Announcing the new version of Learn Python the Hard Way which will be entirely focused on Pre-Beginner Data Science and not web development.

By Zed A. Shaw

Announcing Learn Python the Hard Way's Next Edition

Did you know when you sign a contract with a publisher you have to update your books? Neither did I! I'm mostly joking but I've had enough demands and complaints from readers of Learn Python the Hard Way that it was time for an update, but I was too deep in JavaScript land to have bandwidth for it. Then last month my Publisher started bothering me for updates as well, so now I'm on the hook for a new edition.

I was reluctant to work on anything new related to Python due its stagnation in the web development space, but a few recent events have changed my mind: Codon and the popularity of Data Science.

Codon

I'm really excited about Codon and I'll be playing with it in the near future. I have a couple fun projects in mind that specifically leverage Codon's abilities, and I'll hopefully have a few articles about Codon in practice. Mostly I'm interested in how Codon compiles Python, and it's ability to interface with C fairly easily. It also seems to be really well designed and apparently it can embed the cpython interpreter for those cases where you absolutely have to run Python.

Here's their example showing the @python decorator embedding the Python interpreter when you need it:

@python
def scipy_eigenvalues(i: List[List[float]]) -> List[float]:
    # Code within this block is executed by the Python interpreter,
    # so it must be valid Python code.
    import scipy.linalg
    import numpy as np
    data = np.array(i)
    eigenvalues, _ = scipy.linalg.eig(data)
    return list(eigenvalues)
print(scipy_eigenvalues([[1.0, 2.0], [3.0, 4.0]]))  # [-0.372281, 5.37228]
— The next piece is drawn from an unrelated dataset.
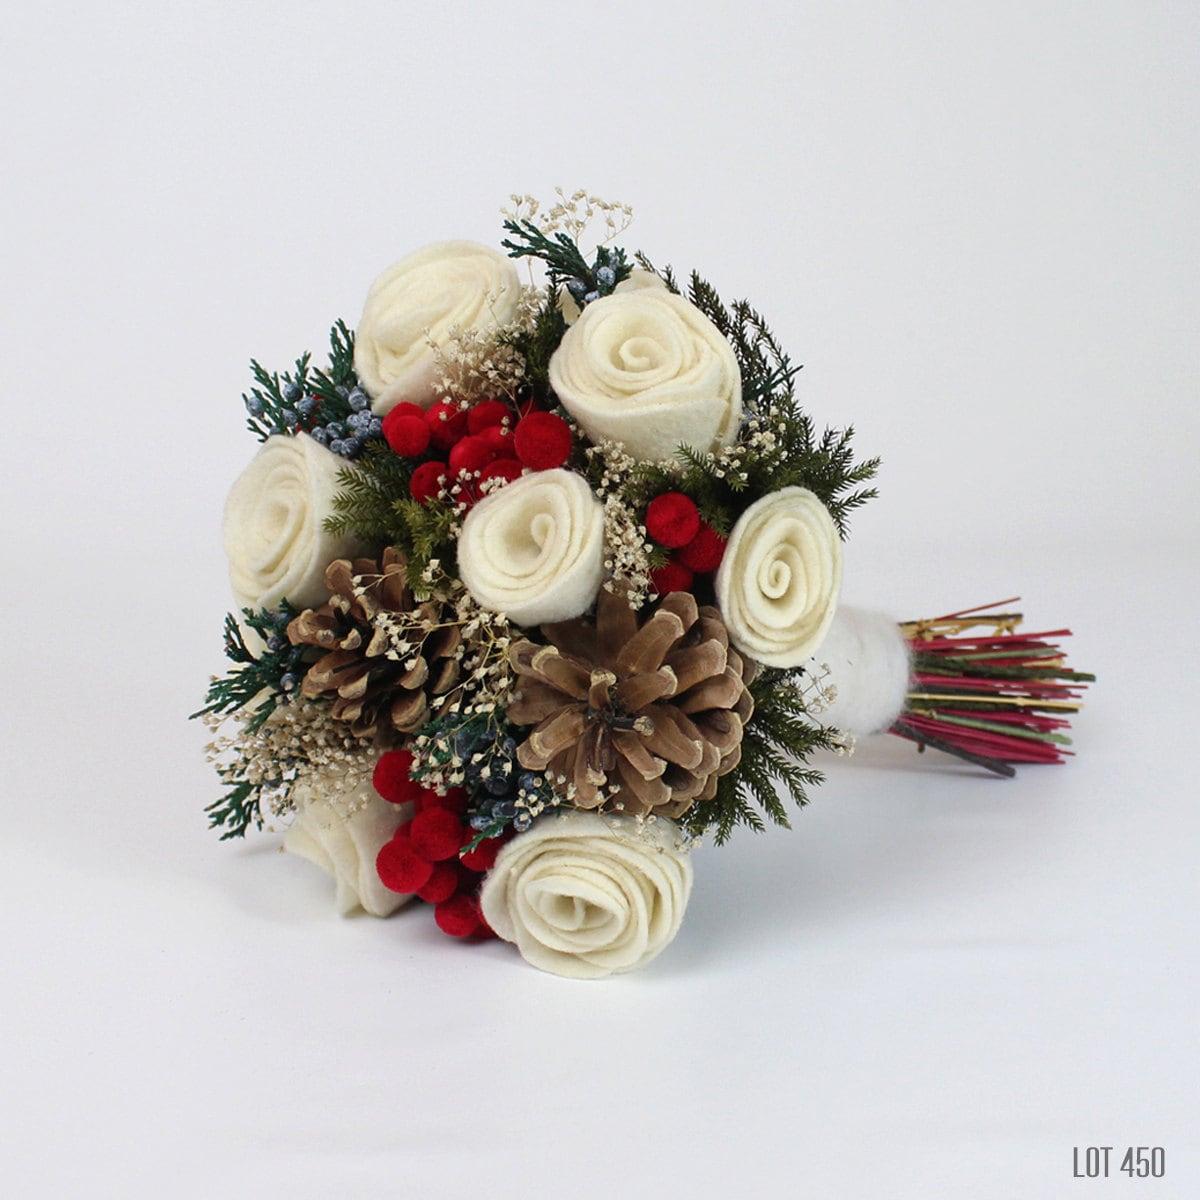 Christmas Wedding: Christmas Wedding Bouquet Holiday Bridal Boquet By Lot450shop

What's amazing about this design is it's combined with very a easy C FFI interface due to Codon's use of LLVM as the backend:

from C import pow(float, float) -> float
pow(2.0, 2.0)  # 4.0

# Import and rename function
# cobj is a C pointer (void*, char*, etc.)
# None can be used to represent C's void
from C import puts(cobj) -> None as print_line
print_line("hello".c_str())  # prints "hello"; c_str() converts Codon str to C string

You can even inline the LLVM IR directly in your code for the rare cases when the compiler needs a little help:

@llvm
def popcnt(n: int) -> int:
    declare i64 @llvm.ctpop.i64(i64)
    %0 = call i64 @llvm.ctpop.i64(i64 %n)
    ret i64 %0

print(popcnt(42))  # 3

I have a few projects in mind that could use this in the future, but I will need to fully review it and I do have some reservations about its license. More on that later.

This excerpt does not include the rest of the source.